Another way to divide the input data is to cycle samples between the training set, validation set, and test set according to percentages. You can interleave 60% of the samples to the training set, 20% to the validation set and 20% to the test set as follows:

[trainP,valP,testP,trainInd,valInd,testInd] = divideint(p);

Divide the target data accordingly using `divideind`

.

[trainT,valT,testT] = divideind(t,trainInd,valInd,testInd);

Another method for improving generalization is called regularization. This involves modifying the performance function, which is normally chosen to be the sum of squares of the network errors on the training set.
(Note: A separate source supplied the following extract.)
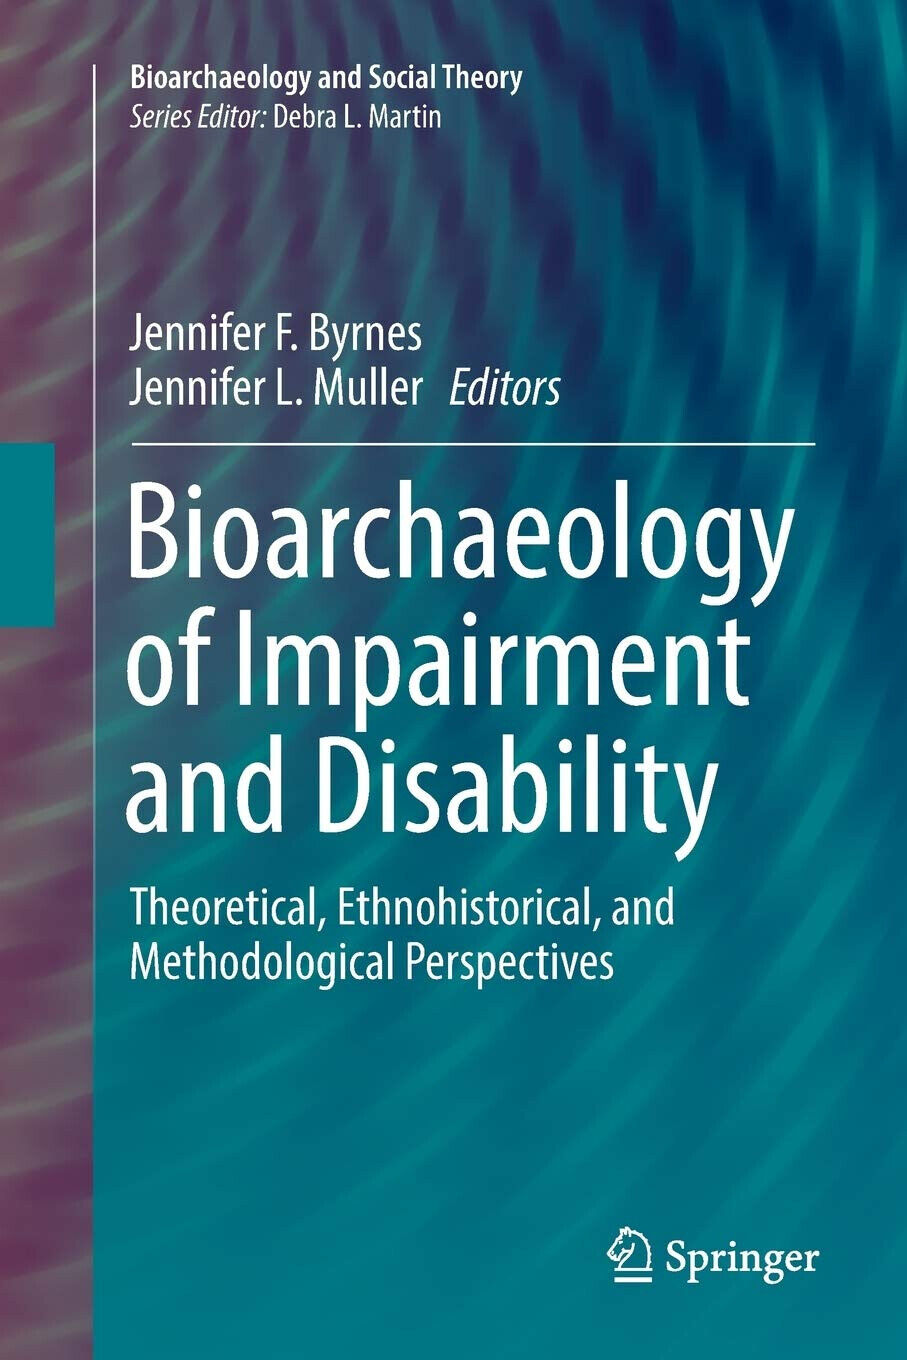 Bioarchaeology of Impairment and Disability - Jennifer F. Byrnes - Springer, 201

The next section explains how the performance function can be modified, and the following section describes a routine that automatically sets the optimal performance function to achieve the best generalization.

The typical performance function used for training feedforward neural networks is the mean sum of squares of the network errors.

$$F=mse=\frac{1}{N}{\displaystyle \sum _{i=1}^{N}{({e}_{i})}^{2}}=\frac{1}{N}{\displaystyle \sum _{i=1}^{N}{({t}_{i}-{\alpha}_{i})}^{2}}$$

It is possible to improve generalization if you modify the performance
function by adding a term that consists of the mean of the sum of
squares of the network weights and biases *msereg* =
γ*mse* + (1 − γ)*msw*,

where γ is the performance ratio, and

$$msw=\frac{1}{n}{\displaystyle \sum _{j=1}^{n}{w}_{j}^{2}}$$

Using this performance function causes the network to have smaller weights and biases, and this forces the network response to be smoother and less likely to overfit.

The following code reinitializes the previous network and retrains
it using the BFGS algorithm with the regularized performance function.
Here the performance ratio is set to 0.5, which gives equal weight
to the mean square errors and the mean square weights. (Data division
is cancelled by setting `net.divideFcn`

so that the
effects of `msereg`

are isolated from early stopping.)

[x,t] = simplefit_dataset; net = feedforwardnet(10,'trainbfg'); net.divideFcn = ''; net.trainParam.epochs = 300; net.trainParam.goal = 1e-5; net.performParam.regularization = 0.5; net = train(net,x,t);

The problem with regularization is that it is difficult to determine the optimum value for the performance ratio parameter. If you make this parameter too large, you might get overfitting. If the ratio is too small, the network does not adequately fit the training data. The next section describes a routine that automatically sets the regularization parameters.

It is desirable to determine the optimal regularization parameters in an automated fashion. One approach to this process is the Bayesian framework of David MacKay [MacK92]. In this framework, the weights and biases of the network are assumed to be random variables with specified distributions. The regularization parameters are related to the unknown variances associated with these distributions. You can then estimate these parameters using statistical techniques.

A detailed discussion of Bayesian regularization is beyond the scope of this user guide. A detailed discussion of the use of Bayesian regularization, in combination with Levenberg-Marquardt training, can be found in [FoHa97].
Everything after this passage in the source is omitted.